D'un côté, deux indicateurs ont présenté un résultat conforme, et même supérieur, aux prévisions inscrites en LFI : le taux d'avancement moyen des projets lancés trois ans avant l'exercice, relatif au PEI en faveur de la Corse (72 %, contre une prévision de 35 %) ; et l'évolution du chiffre d'affaire de la branche « exploitation forestière et première transformation du bois » en Auvergne et Limousin (en hausse de 9 %, contre une prévision de 3,3 %). Toutefois, la valeur de ces résultats est restée relative : d'une part, on a signalé ci-dessus le peu d'intérêt d'évaluer le PEI en faveur de la Corse en fonction des délais de réalisation ; d'autre part, l'augmentation du chiffre d'affaire de la branche « exploitation forestière et première transformation du bois », en 2006, avait été trois fois plus importante (28 %).

De l'autre côté, les autres indicateurs ont présenté des valeurs souvent éloignées des prévisions de la LFI. Dans le détail :

- la part du rail dans le « pré-acheminement » et le « post-acheminement » des conteneurs sur les plates-formes « tri-modales » des ports alsaciens s'est établie à 7,5 %, contre une prévision de 28 % et un résultat pour 2006 de 12 % ;

- le pourcentage de stations de mesure bretonnes dépassant la limite de 50 mg/l en nitrates n'a baissé qu'à 21,1 %, contre une prévision de 17 %, même s'il s'est agi d'un progrès par rapport au résultat enregistré en 2006 (23,6 %) ;

- le pourcentage d'habitants résidant en zone inondable et ayant bénéficié, du fait d'un projet subventionné, d'une baisse d'aléas significative dans le bassin hydrographique de la Loire s'est établi à 48,2 %, contre une prévision de 53 % (le résultat pour 2006 était de 47,7 %) ;

- le pourcentage d'habitants résidant en zone inondable et ayant bénéficié, du fait d'un projet subventionné, d'une baisse d'aléas significative dans le bassin hydrographique de la Durance, quant à lui, s'est établit à 10 %, contre une prévision de 22 % (l'indicateur n'a pas été reconstitué pour 2006).

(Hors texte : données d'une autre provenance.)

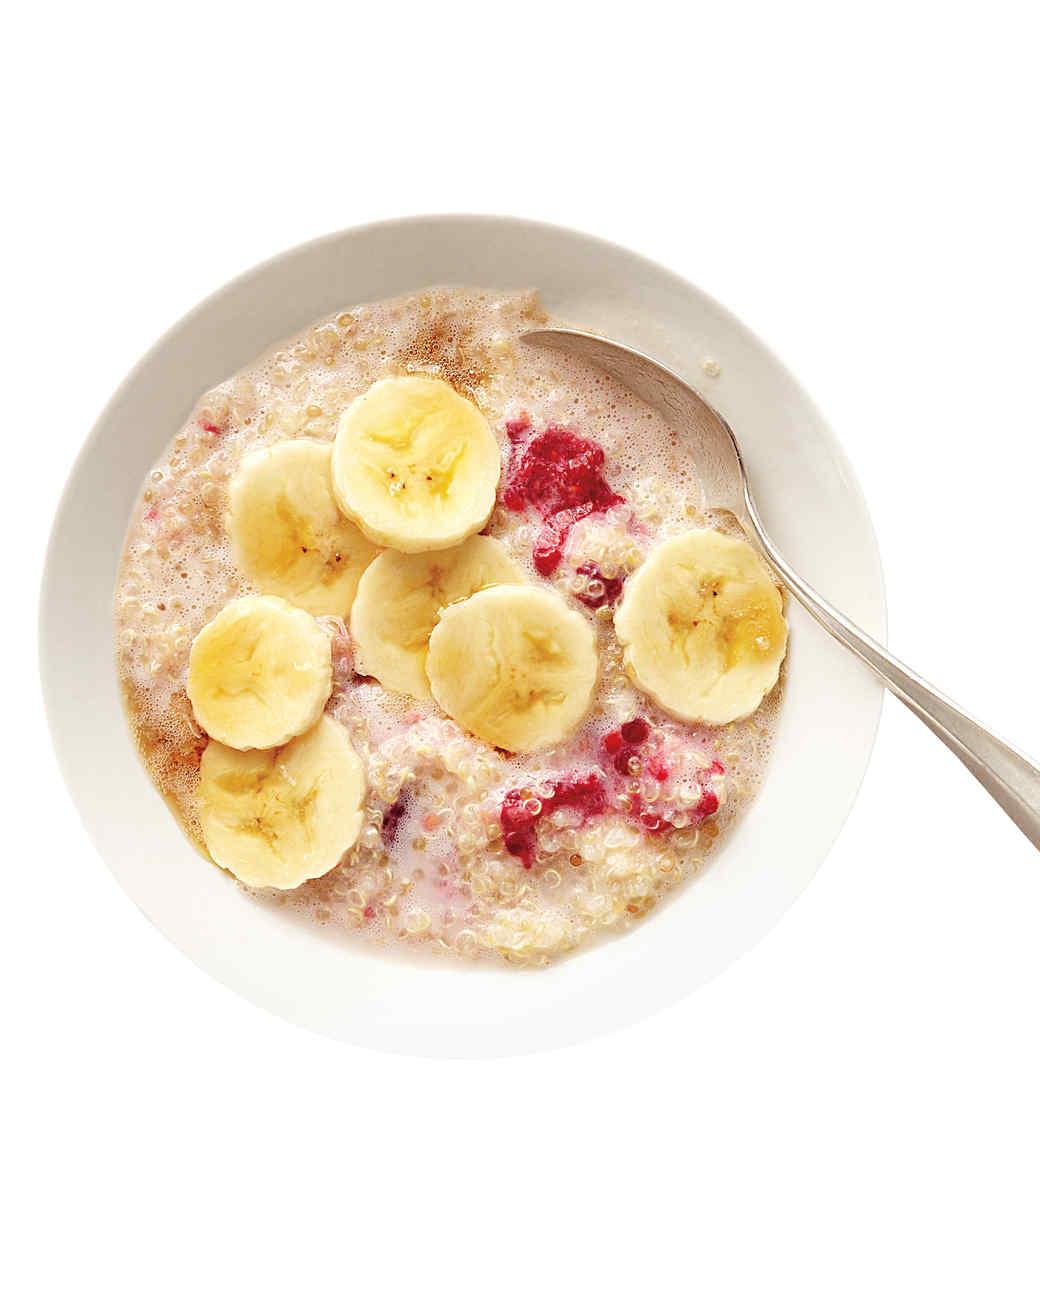 quinoa-cereal-0911mbd107535.jpg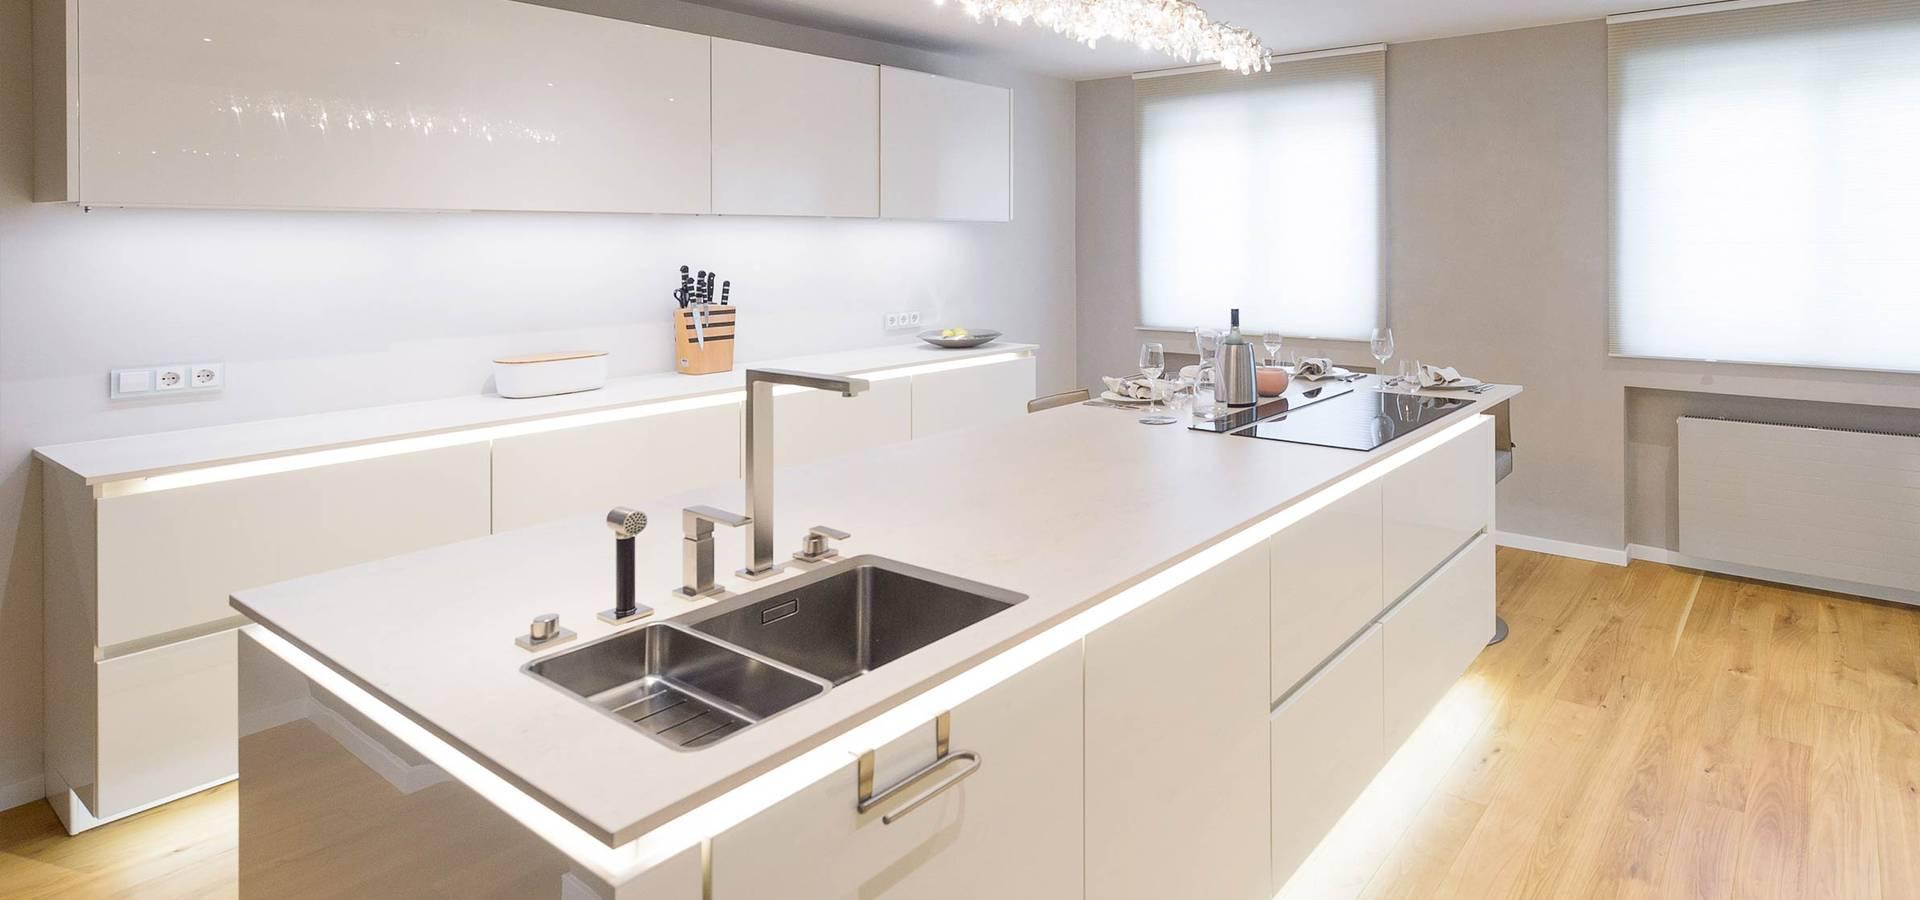 1001 design cuisinistes lyon sur homify. Black Bedroom Furniture Sets. Home Design Ideas

Enfin, l'indicateur relatif à la surface des prairies dans la zone du marais poitevin , seul à avoir enregistré un bon résultat en 2006, n'était pas renseigné dans le RAP de la mission « Politique des territoires » annexé au projet de loi de règlement des comptes pour 2007. Ce document justifiait l'absence de chiffrage par la modification, en 2007, des logiciels et procédures de traitement des déclarations afférentes à la politique agricole commune (PAC). Il précisait que l'indicateur pourrait être renseigné en cours d'année 2008, mais le PAP de la mission annexé au présent PLF ne comporte pas non plus l'information .

* 23 Pour le détail de l'exécution du PITE en 2006 et en 2007, voir respectivement le rapport n° 393 (2006-2007), tome II, sur le projet de loi de règlement du budget pour 2006 ; et le rapport n° 433 (2007-2008), tome II, sur le projet de loi de règlement des comptes pour 2007.

* 24 Le ministère de l'intérieur, au moment de la rédaction du présent rapport, n'était pas encore à même de dresser un bilan de la fongibilité pratiquée au sein du PITE en 2008. Cette faculté, en effet, trouve principalement à être mise en oeuvre en fin d'exercice.

* 25 Voir le rapport d'information n° 402 (2007-2008) de notre collègue Fabienne Keller, sur le suivi des procédures d'infraction au droit communautaire dans le domaine de l'environnement.

* 26 Cf. le rapport n° 99 (2005-2006), tome III, annexe 18.

* 27 Cf. le rapport n° 78 (2006-2007), tome III, annexe 18.

* 28 Cf. le rapport n° 91 (2007-2008), tome III, annexe 20.

* 29 Cf. le rapport n° 393 (2006-2007), tome II.

* 30 Cf. le rapport n° 433 (2007-2008), tome II.